To submit a personal data request or inquiry, you can contact us at our support email (see Section 10). We may need to verify your identity before fulfilling requests (for example, by confirming you have control of the email associated with your account). We will not charge you for reasonable requests. If we ever deny a request, we will explain why (e.g., if it’s exempt under PDPA, or if we cannot fulfill it without compromising others’ rights). You also have the right to lodge a complaint with Sri Lanka’s Data Protection Authority if you believe your data rights have been violated. We would appreciate the chance to address your concerns first, and we are committed to resolving any issues in good faith.

8. Children’s Privacy

MediSolo is not directed to children as primary users. Only licensed healthcare professionals and their authorized staff are eligible to create accounts on the Platform, and they must be adults (18+). We do not knowingly collect any personal information directly from individuals under 18. However, practitioners might enter health data about minors (e.g. pediatric patient records). Such data is treated with the highest confidentiality and security, as described above. If you are a parent or guardian and believe your child’s personal health data is being stored in MediSolo without proper safeguards or consent, please contact the relevant healthcare provider and/or MediSolo so that we can address the concern. We rely on practitioners to obtain any necessary parental consent for treating minors and recording their data digitally.

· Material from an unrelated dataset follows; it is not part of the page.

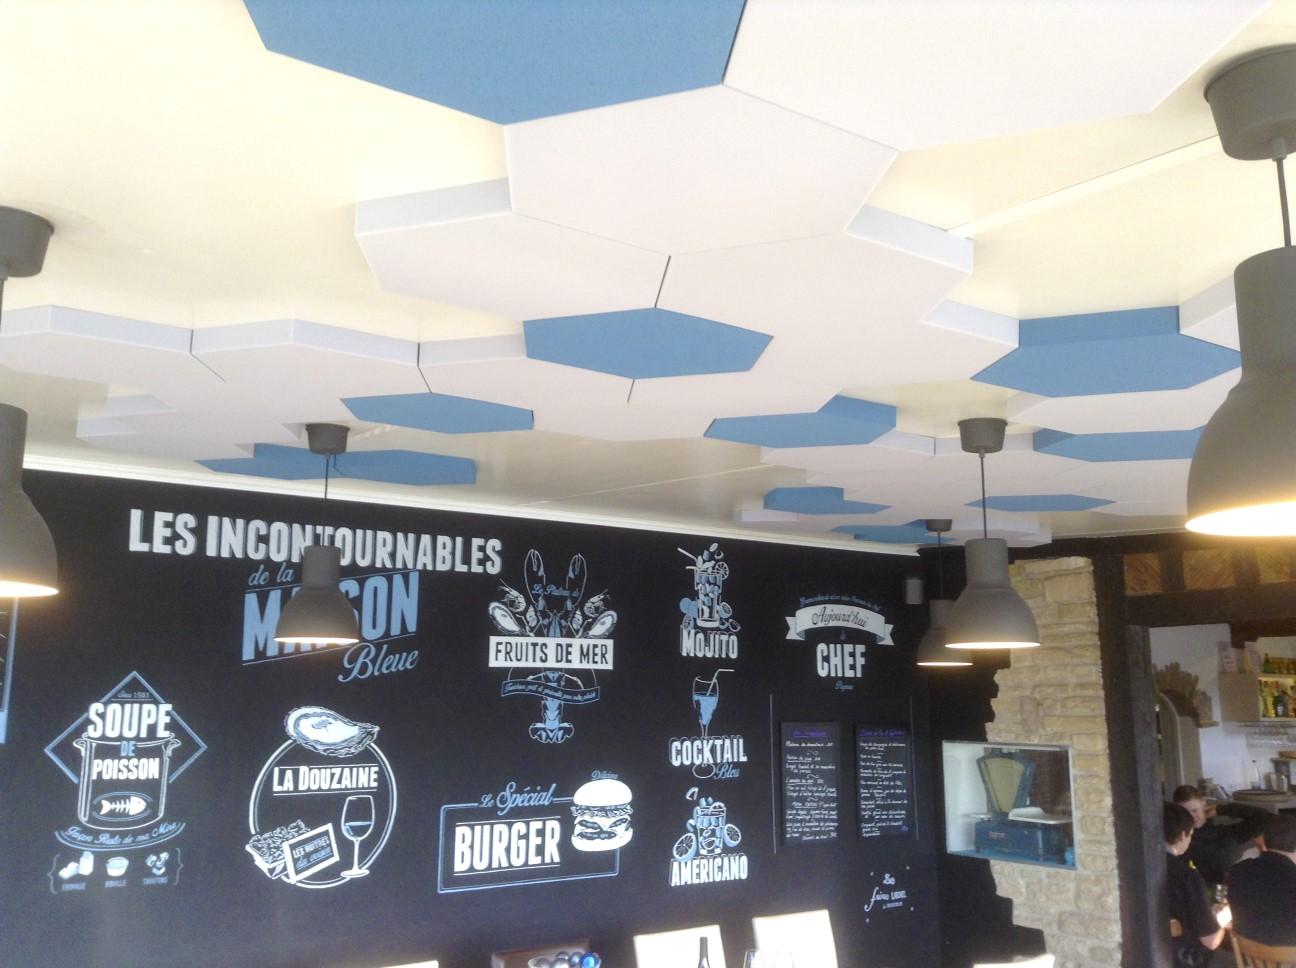 Panneaux acoustiques - Panneaux Ambiance color posé au plafond par collage en forme d'hexagone

9. Changes to This Privacy Policy

We may update this Privacy Policy from time to time to reflect changes in our practices, legal requirements, or for other operational reasons. If we make significant changes, we will notify our users (practitioners) via email or via an in-app notification. The “Last Updated” date at the top will always indicate when the latest changes were made. We will provide at least 14 days’ notice of major changes, when required. Continued use of MediSolo after a policy update will signify your acceptance of the revised terms. We encourage you to review this Privacy Policy periodically to stay informed about how we are protecting the personal information you entrust to us.

10. Contact Us

If you have any questions, concerns, or requests regarding this Privacy Policy or your personal data, please contact us. You can reach out via email at support@medisolo.example (placeholder email) or through the support section on our website. We will do our best to respond promptly and help resolve any issues.

By using MediSolo, you acknowledge that you have read and understood this Privacy Policy and agree to its terms. We are dedicated to safeguarding your privacy and ensuring compliance with Sri Lankan data protection laws (such as the PDPA).